In 2011, a movie biography of Guo Mingyi was produced. The movie was directed by Chen Guoxing and Wang Jing, with the lead part played by Hou Yong and supporting parts by Jiang Hongbo, Li Qin and Feng Yuanzheng.

Guo was an alternate of the 18th Central Committee of the Chinese Communist Party; he is ranked close to the end of the list of alternate, which is ranked by number of confirmation votes received at the 18th National Congress of the Chinese Communist Party. His elevation to the CCP Central Committee was notable in that he had no political or business experience prior to his joining the elite committee. In 2013, he was named a vice chairman of the All-China Federation of Trade Unions.

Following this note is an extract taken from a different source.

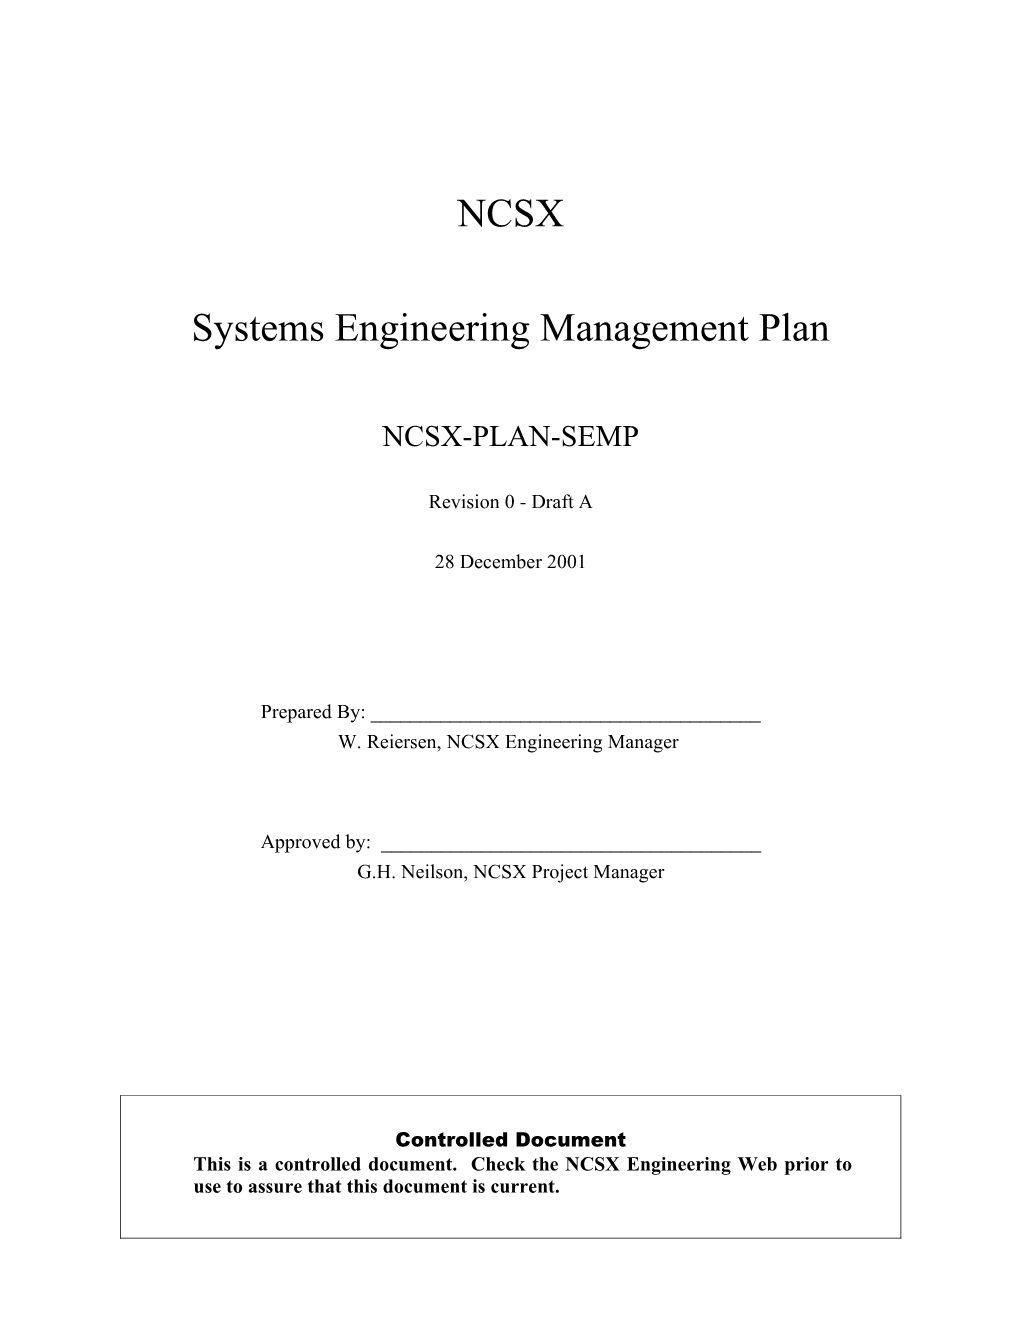 NCSX-PLAN-SEMP-00 Draft A

===The "Father-like Smile" Gaffe===

On Oct 23, 2013, Guo Mingyi posted on Sina Weibo describing an encounter with Xi Jinping, the general secretary of the Chinese Communist Party and president of China. In the post he used the phrase "smile like an affectionate father" (慈父般的笑容) for Xi. The post raised a lot of attention and mockery because Xi is only 5 years his senior. Guo removed the phrase afterwards.